▸ EXERCISE DESCRIPTION: Your answer must be the lines of the material below, exactly as written, from its first line through the line with "Aprende a abrir", and no pictures.

▸ DATASET EXCERPT:
Content starts

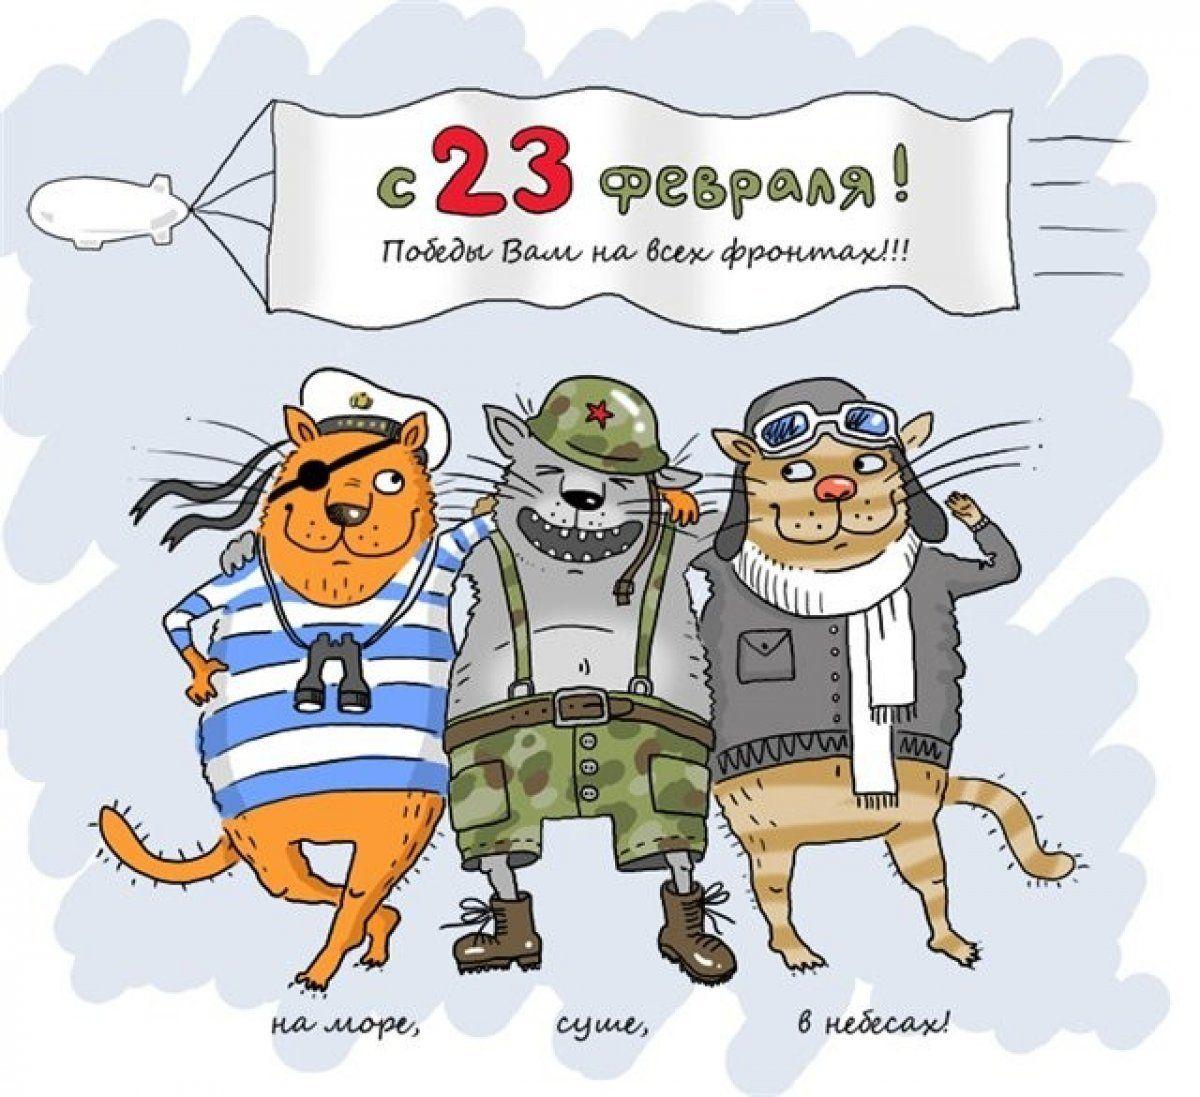 Dorogie Muzhchiny Pozdravlyaem S Dnyom Zashitnika Otechestva I Hotim
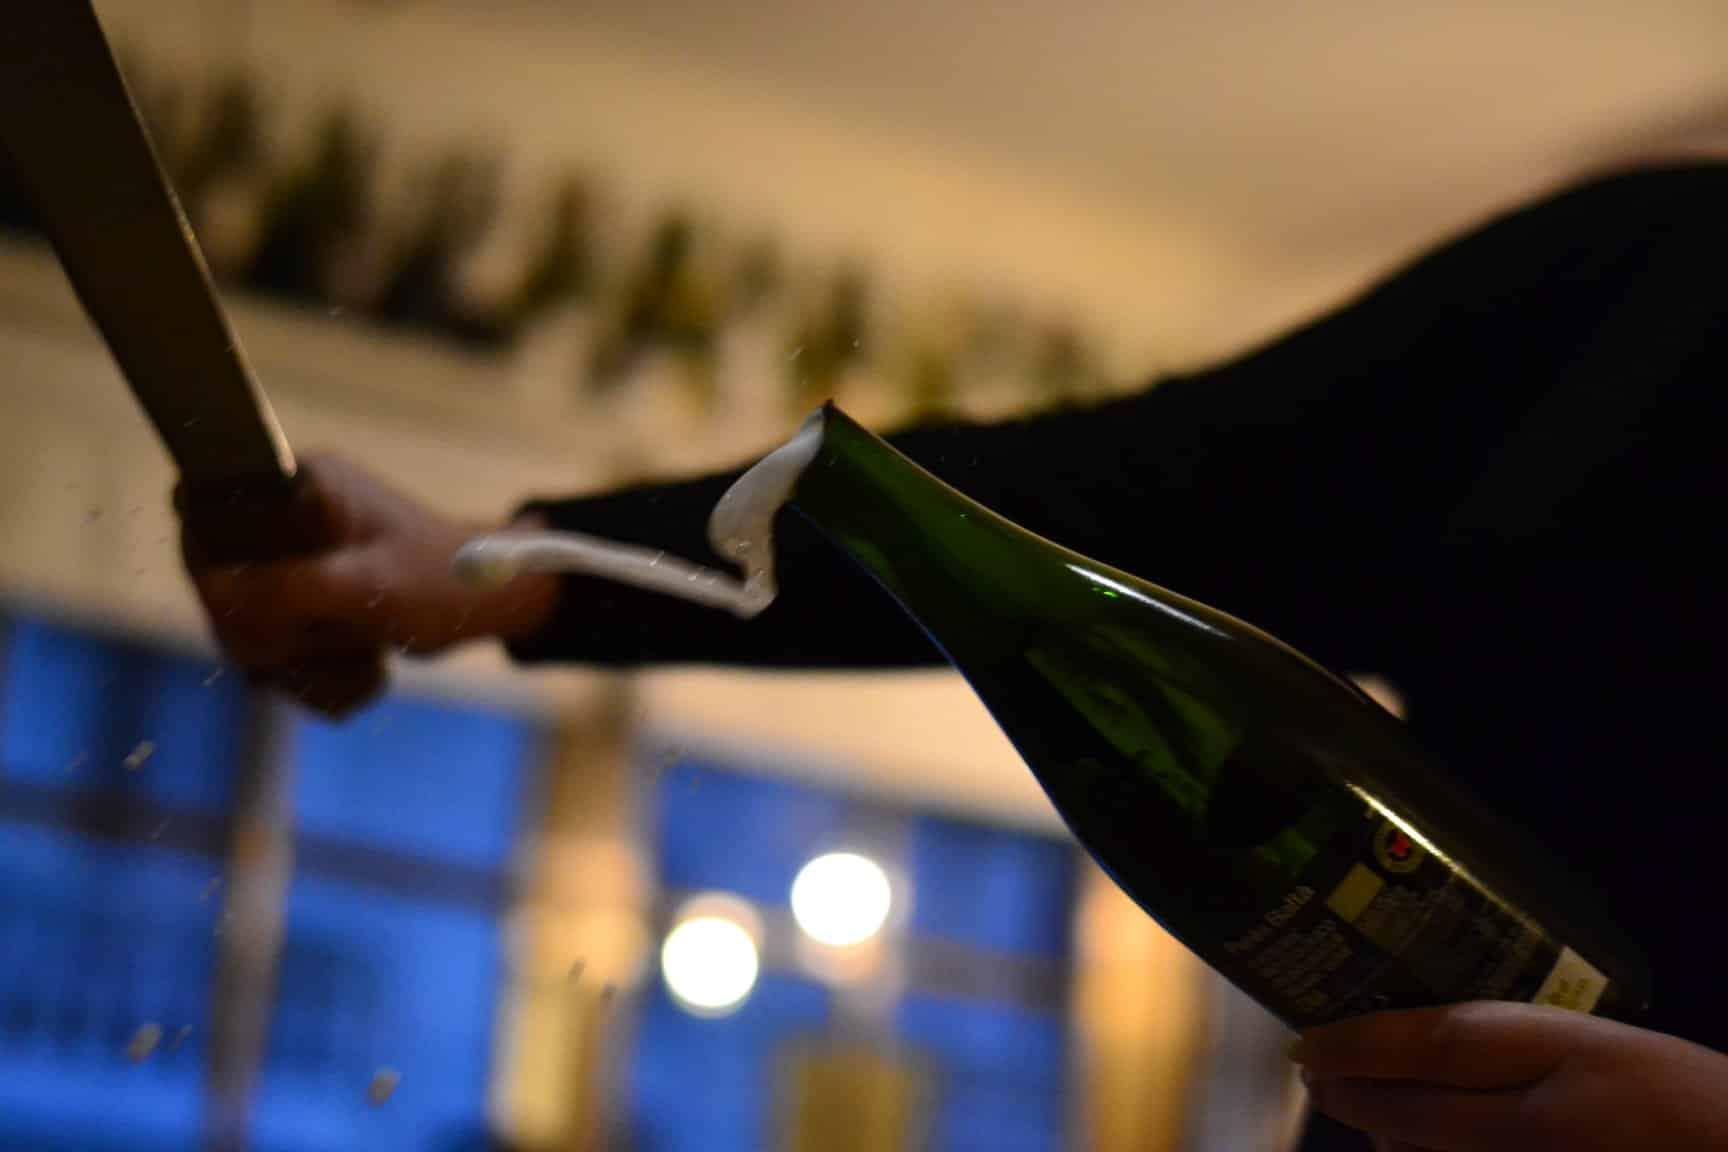 Aprende a abrir una botella de vino con un sable en Uncorked Academy - novedades, lugares
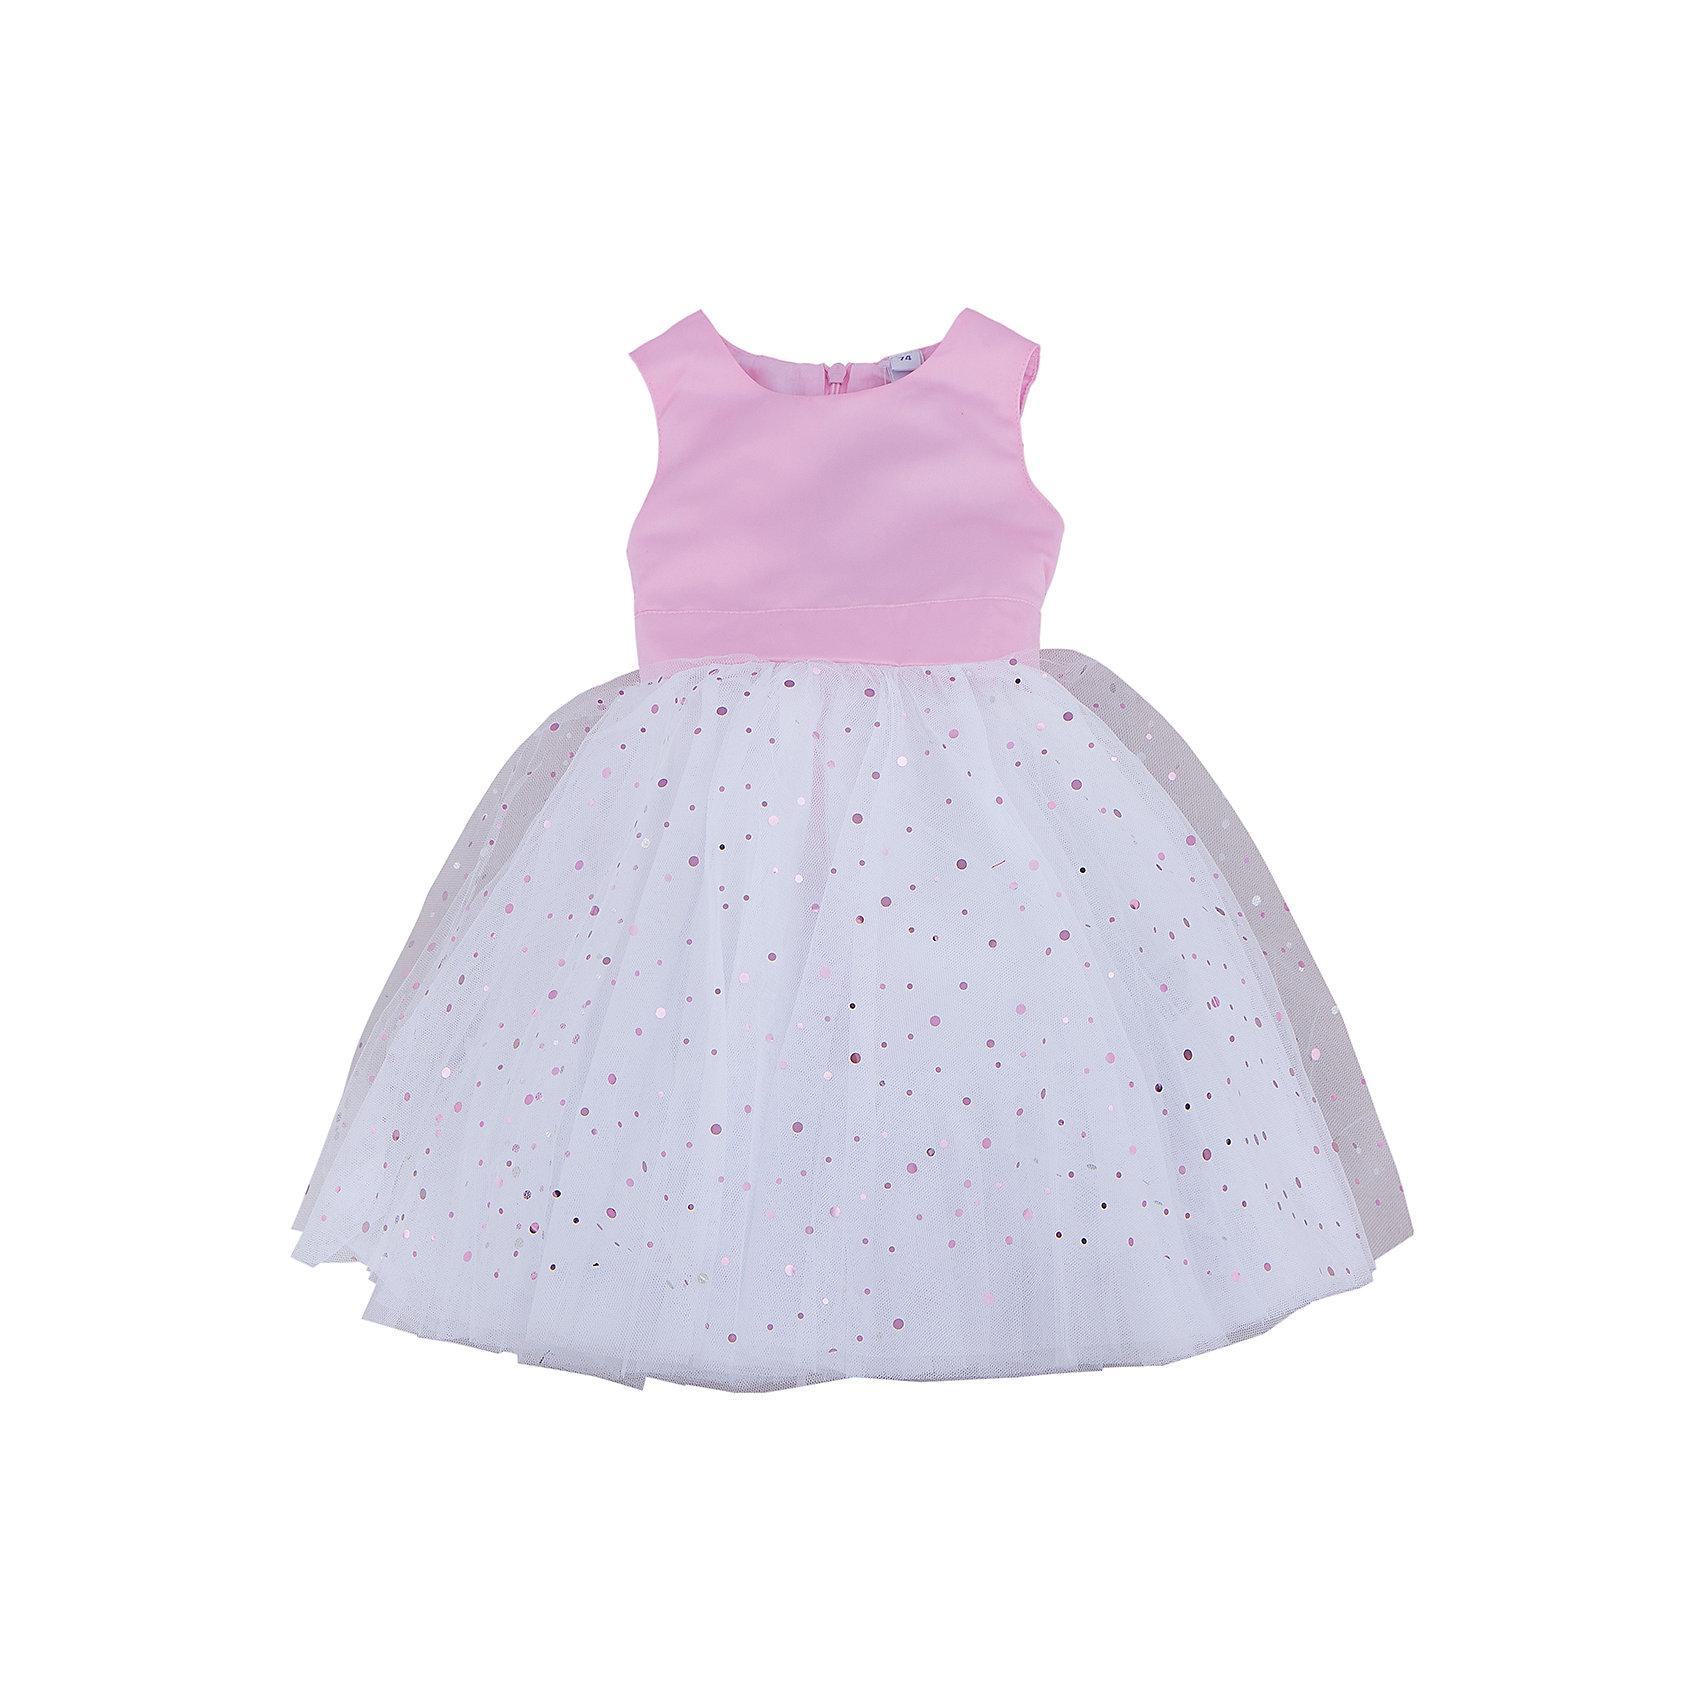 Нарядное платье для девочки PlayTodayПлатья<br>Характеристики:<br><br>• Вид одежды: платье<br>• Предназначение: праздничное платье<br>• Сезон: круглый год<br>• Материал: верх – 100% полиэстер, подкладка – 100% хлопок<br>• Цвет: розовый, белый<br>• Силуэт: А силуэт <br>• Длина платья: макси<br>• Рукав: без рукавов<br>• Вырез горловины: круглый<br>• Застежка: молния на спинке<br>• Особенности ухода: ручная стирка без применения отбеливающих средств, глажение при низкой температуре <br><br>PlayToday – это линейка детской одежды, которая предназначена как для повседневности, так и для праздников. Большинство моделей выполнены в классическом стиле, сочетающем в себе традиции с яркими стильными элементами и аксессуарами. Весь ассортимент одежды сочетается между собой по стилю и цветовому решению, поэтому Вам будет легко сформировать гардероб вашего ребенка, который отражает его индивидуальность. <br>Платье для девочки PlayToday с подкладкой выполнено из сочетания матового сатина розового цвета и пышной юбки из сетчатого материала. Наряд выполнен в А-силуэте, с круглой горловиной. Белая юбка декорирована россыпью пайеток разного размера и разного цвета. У платья предусмотрен широкий пояс розового цвета, который можно завязывать в пышный бант. Платье легко надевать и снимать, сзади предусмотрена застежка-молния. Платье для девочки PlayToday – это стиль, качество и элегантность!<br><br>Платье для девочки PlayToday можно купить в нашем интернет-магазине.<br><br>Ширина мм: 236<br>Глубина мм: 16<br>Высота мм: 184<br>Вес г: 177<br>Цвет: розовый<br>Возраст от месяцев: 18<br>Возраст до месяцев: 24<br>Пол: Женский<br>Возраст: Детский<br>Размер: 92,86,74,80<br>SKU: 5059406

Content ends

▸ SOLUTION FOR THIS TASK:
 Dorogie Muzhchiny Pozdravlyaem S Dnyom Zashitnika Otechestva I Hotim
 Aprende a abrir una botella de vino con un sable en Uncorked Academy - novedades, lugares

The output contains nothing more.